Plastic Surgery is a surgical specialty that is directly focused on reconstruction, restoration, or alteration of parts of the body or face defects due to accidents, trauma, disease, burns, or birth disorders. Plastic surgery also deals with the enhancement of the appearance of a person or improving the functionality of any parts of the body. Below are some examples of Plastic Surgery:
- Hand Surgery
- Scar Revision Surgery
- Burn Repair Surgery
- Trauma Surgery
Many Plastic Surgeons elect to complete additional training and perform cosmetic surgery as well. Cosmetic Surgery and Reconstructive Surgery are the two main categories of Plastic Surgery. Cosmetic surgery is performed to reshape or enhance different parts of the body, usually to improve form and appearance. Another term for Cosmetic Surgery is “Aesthetic Surgery”. Cosmetic Surgery is designated as an “Elective Procedure” because these procedures treat areas that function properly. An elective procedure is a surgery that can be scheduled in advance and is not for a life-threatening condition. Below are some examples of elective cosmetic procedures:
- Breast Augmentation (implants)
- Buttock Lift (belt lipectomy)
- Rhinoplasty (nose surgery)
- Abdomen Reduction (tummy tuck)
Reconstructive Surgery is a procedure that deals with the restoration/ reconstruction of any parts of the body or face because of birth defects, burns, trauma, or any other type of medical condition. Reconstructive surgery is different from cosmetic because it’s for medical reasons. Below are some examples of Reconstructive Surgery:
- Cleft Lip & Palate Repair
- Facial Reconstruction
- Gender confirmation surgeries (transfeminine/transmasculine)
- Regenerative Medicine
- Chin, cheek, or jaw reshaping (facial implants)

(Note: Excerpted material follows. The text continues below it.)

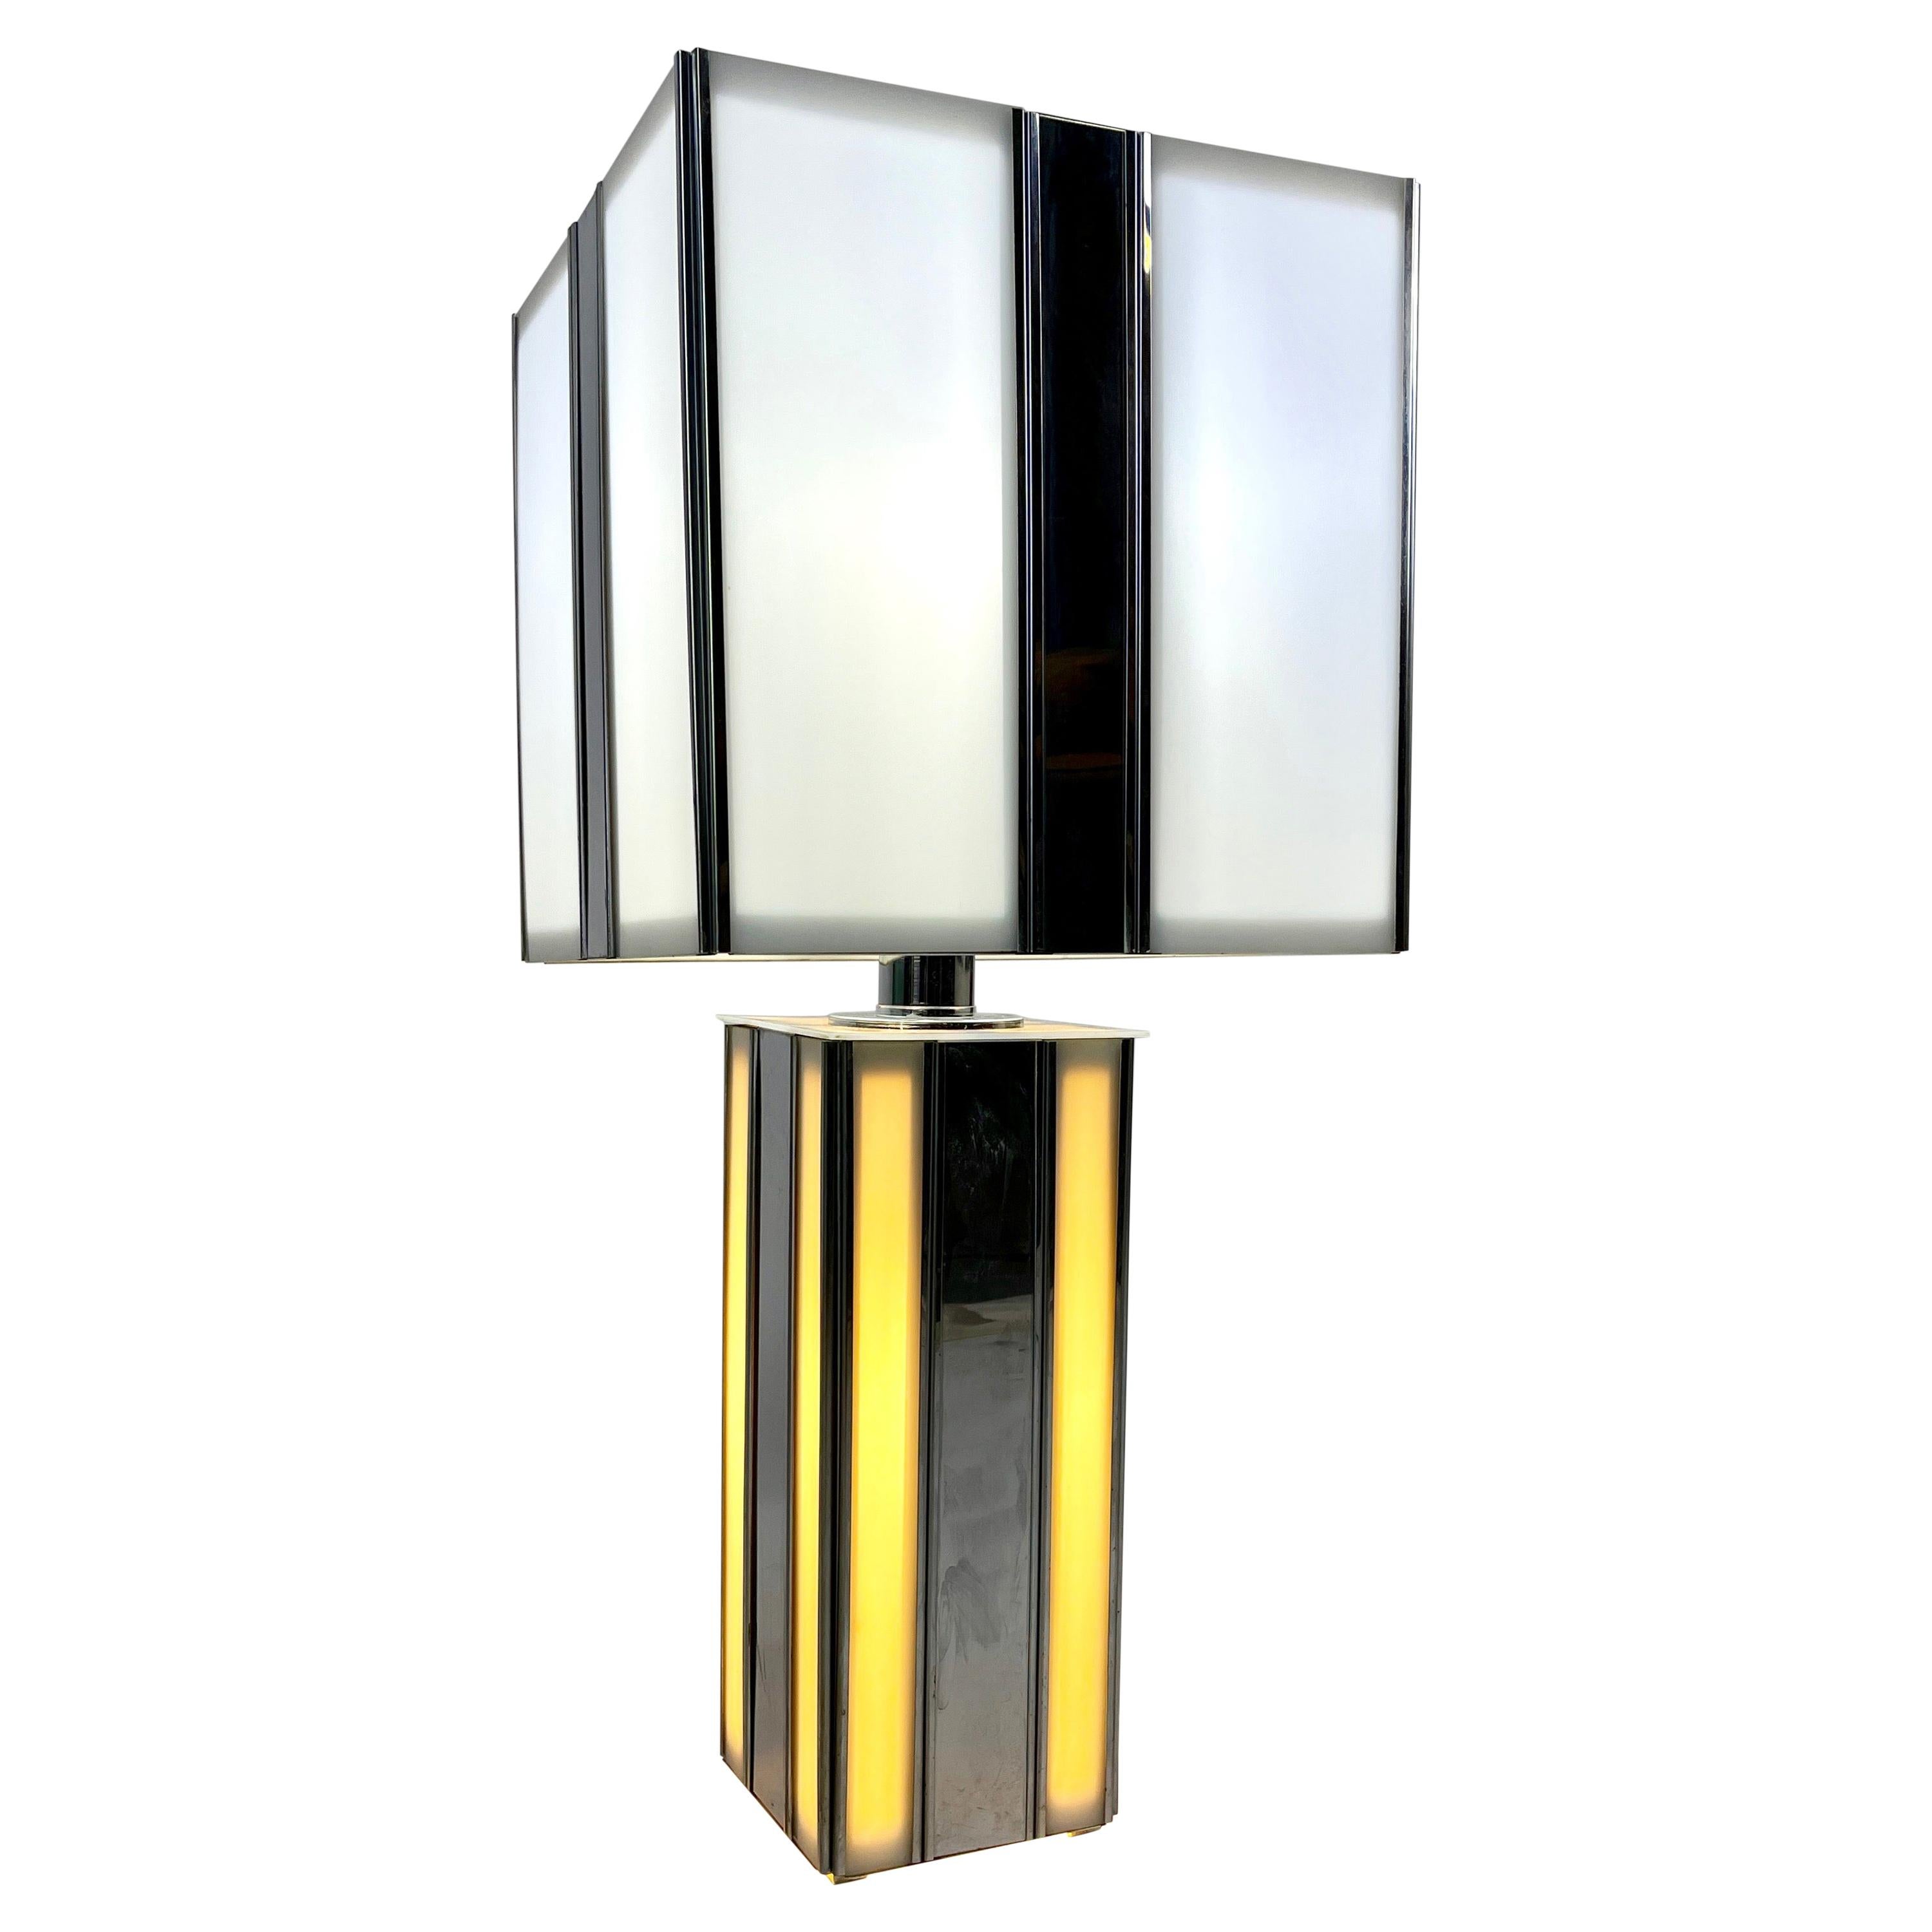 1970s Modernist Chrome and Plexiglass Dual Action Lamp

Cosmetic Surgery and Reconstructive Surgery are closely related specialties, but they are not the same. It is very important to know the difference between the two because your insurance company might cover Reconstructive Surgeries, but not Cosmetic Surgeries. Sometimes categorizing whether a procedure is cosmetic or reconstructive can be confusing. The deciding factor will depend on whether the procedure is to enhance your personal appearance or if it’s for medical reasons.

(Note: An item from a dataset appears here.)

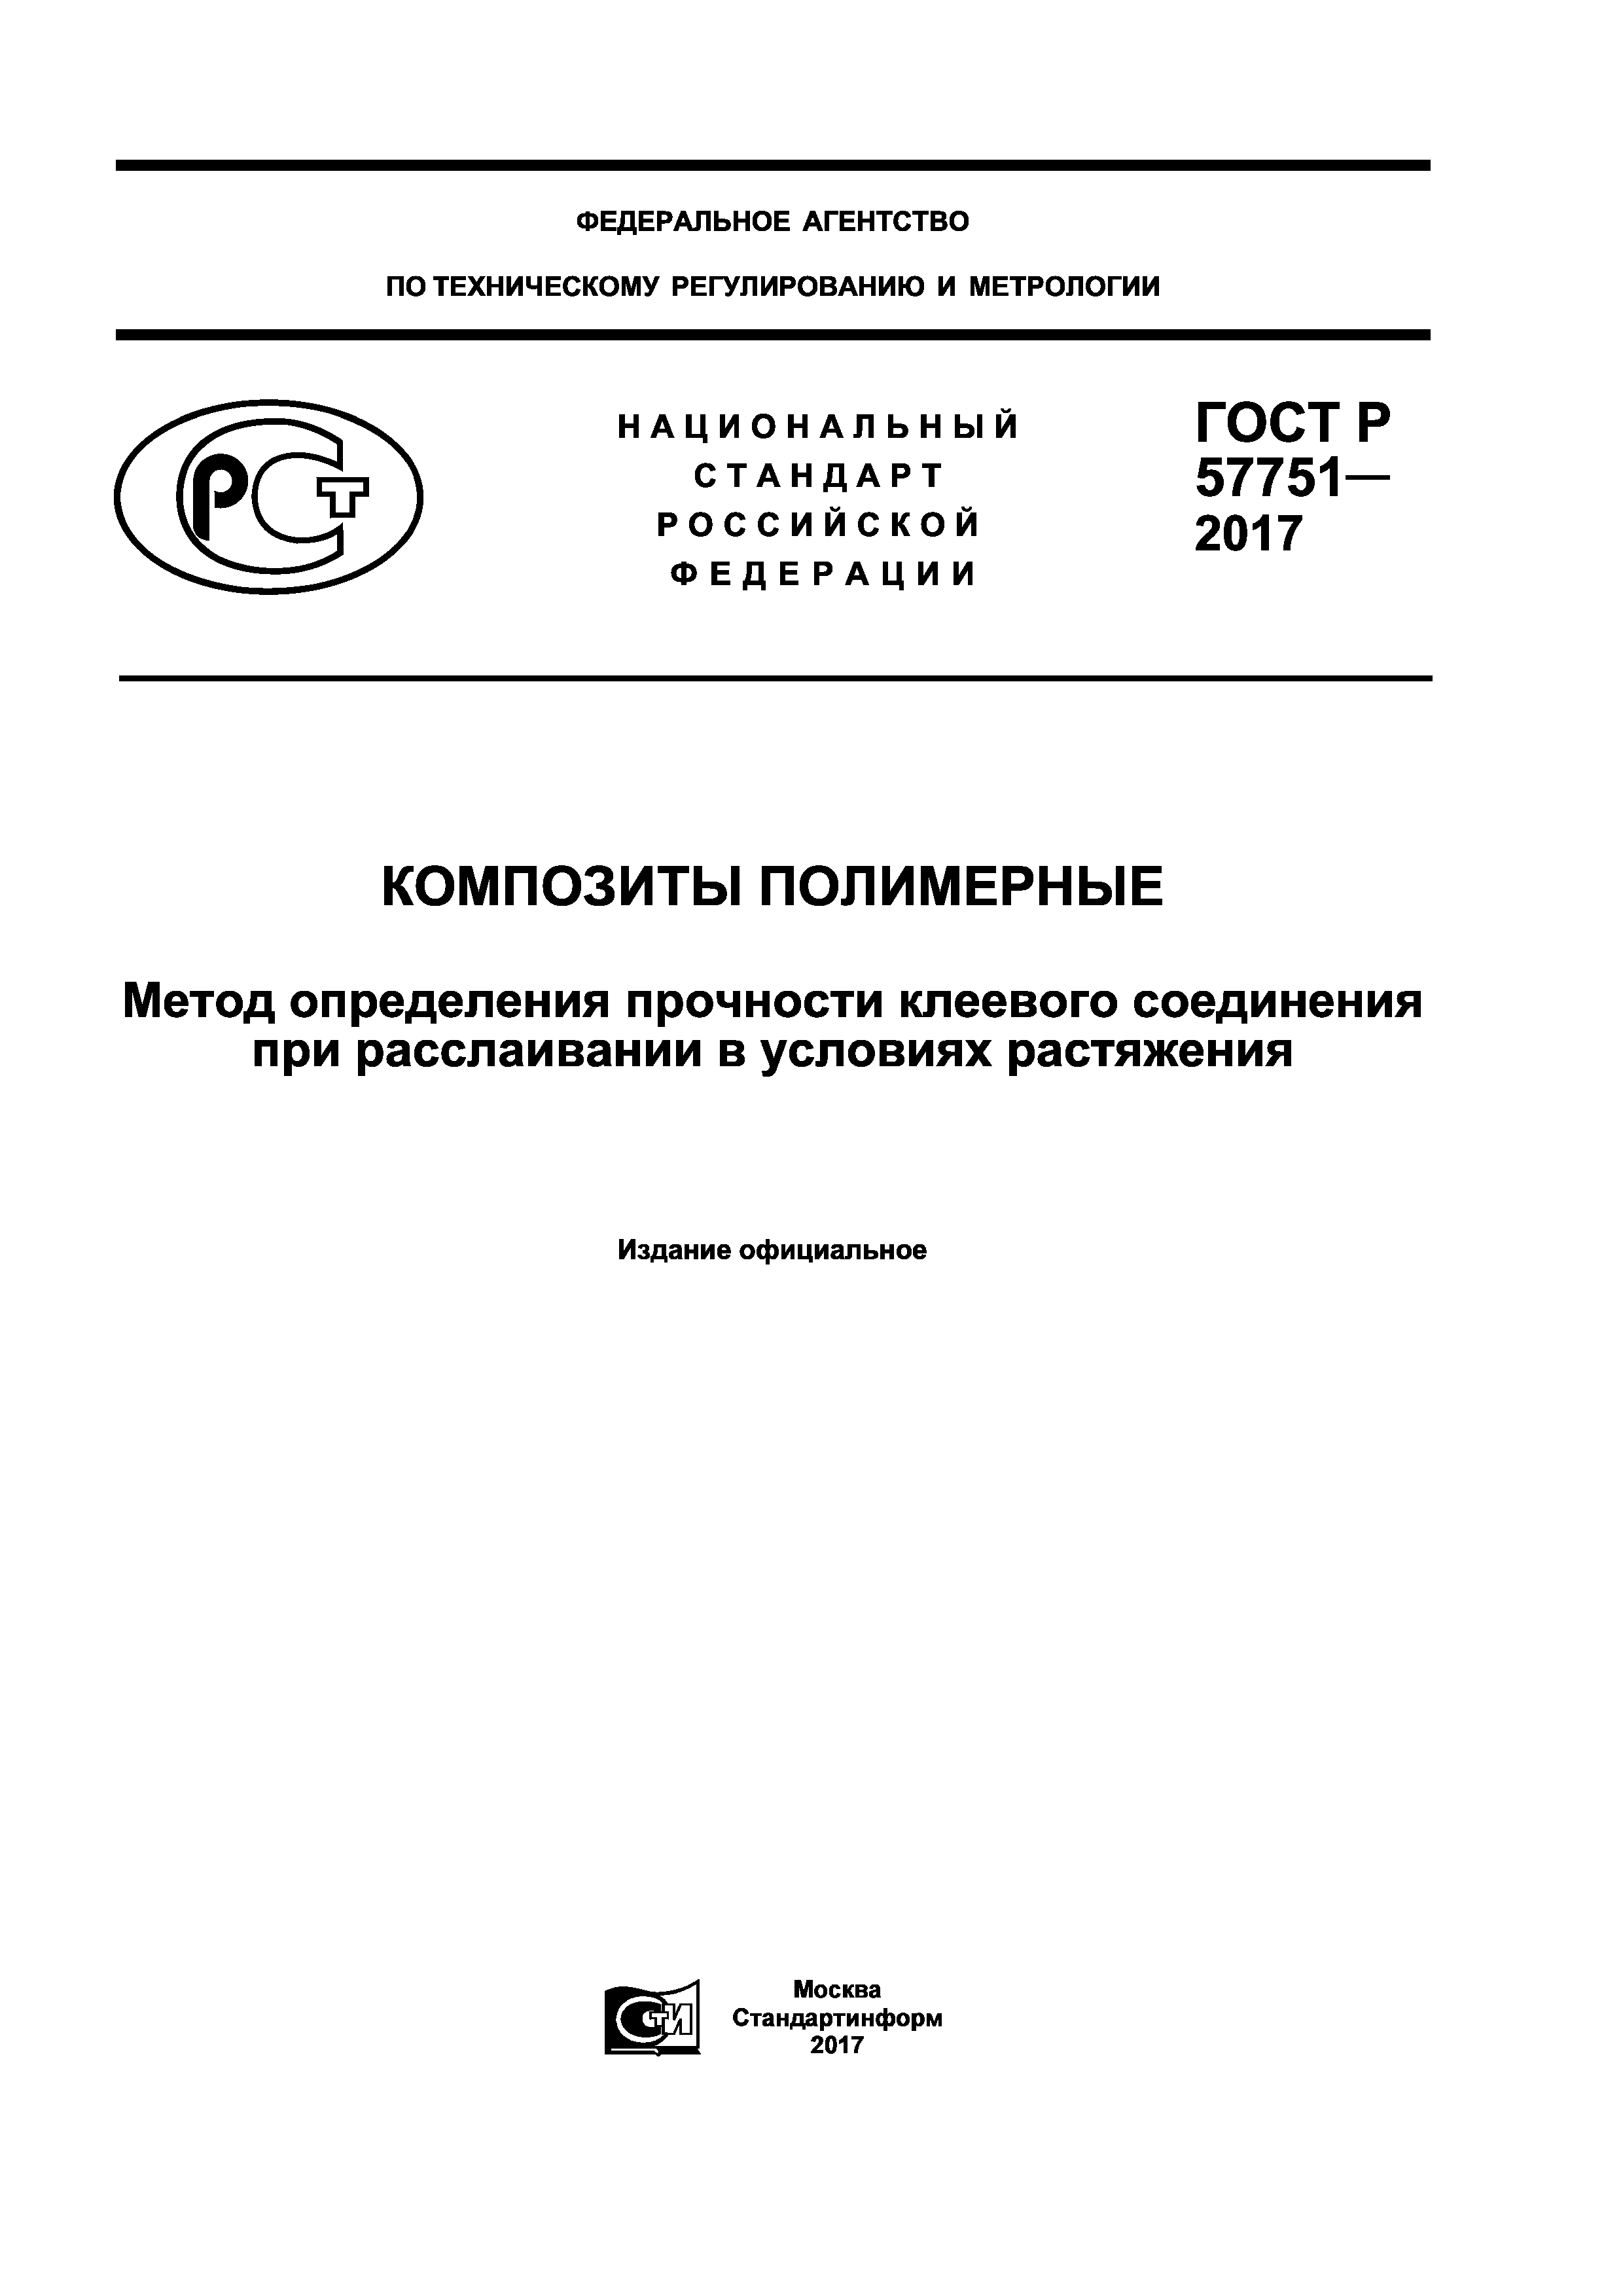 ГОСТ Р 57751-2017

The training of Cosmetic Surgeons and Plastic Surgeons are very different. Obtaining a doctor’s education to become a Plastic Surgeon requires a four-year undergraduate degree, then four years of medical school, and a five-year residency program. Residency programs in plastic surgery sometimes include cosmetic surgery as a part of a surgeon’s training, but normally do not include training on every cosmetic procedure. After the residency program is completed, a small group of the best candidates are selected from each medical program to participate in a fellowship training program. Fellowship training is a privilege that only top doctoral candidates are chosen to participate in to become a specialist or experts in their chosen field of medicine or surgery. Fellowship training is part of the process of becoming a specialist physician and requires an additional year or two of education. During fellowship training, a physician goes through rigorous training to become an expert in their subspecialty. The fellowship training program consists of practical experience which includes participation in numerous specialized surgeries which provides significant work experience the physician needs to become a specialist in his/her chosen field to receive their credentials. Physician’s that choose this path are committing to extra education and are devoted to providing the best medical care possible to patients. A Board-certified doctor indicates that a physician has achieved the highest level of accreditation within a given specialty. Board certification is a voluntary, additional step that a physician chooses to prove that they are trained in the latest technology and advancements in their specialty. Physicians are required to successfully pass written and oral board examinations in their specific specialty to verify knowledge, competency, and expertise in their specialty and/or subspecialty of medical practice. Most boards require that physicians recertify throughout their careers to ensure and promote ongoing professional development, practice assessment, and improvement. Plastic Surgeons must be certified by the American Board of Plastic Surgery.
Choosing the right Plastic Surgeon depends on your needs. Always consider a candidate’s overall qualifications, experience, services offered, and patient satisfaction when choosing a physician. Always check for all necessary board-certified training and degrees, up to date certifications through an accredited healthcare institution and a valid license to practice through the respective state of Plastic Surgery or state/international medical board in their state or country. Look for a physician who has completed an accredited fellowship in a sub-specialty related to your condition or the surgery you have elected. Accreditation information, including fellowships and board certifications can usually be found on a physician’s official online profile. If it’s not, make sure that you request this information. When you, a family member, or friend needs a medical treatment, you want to make sure that you choose a highly qualified doctor who is dedicated to providing outstanding care.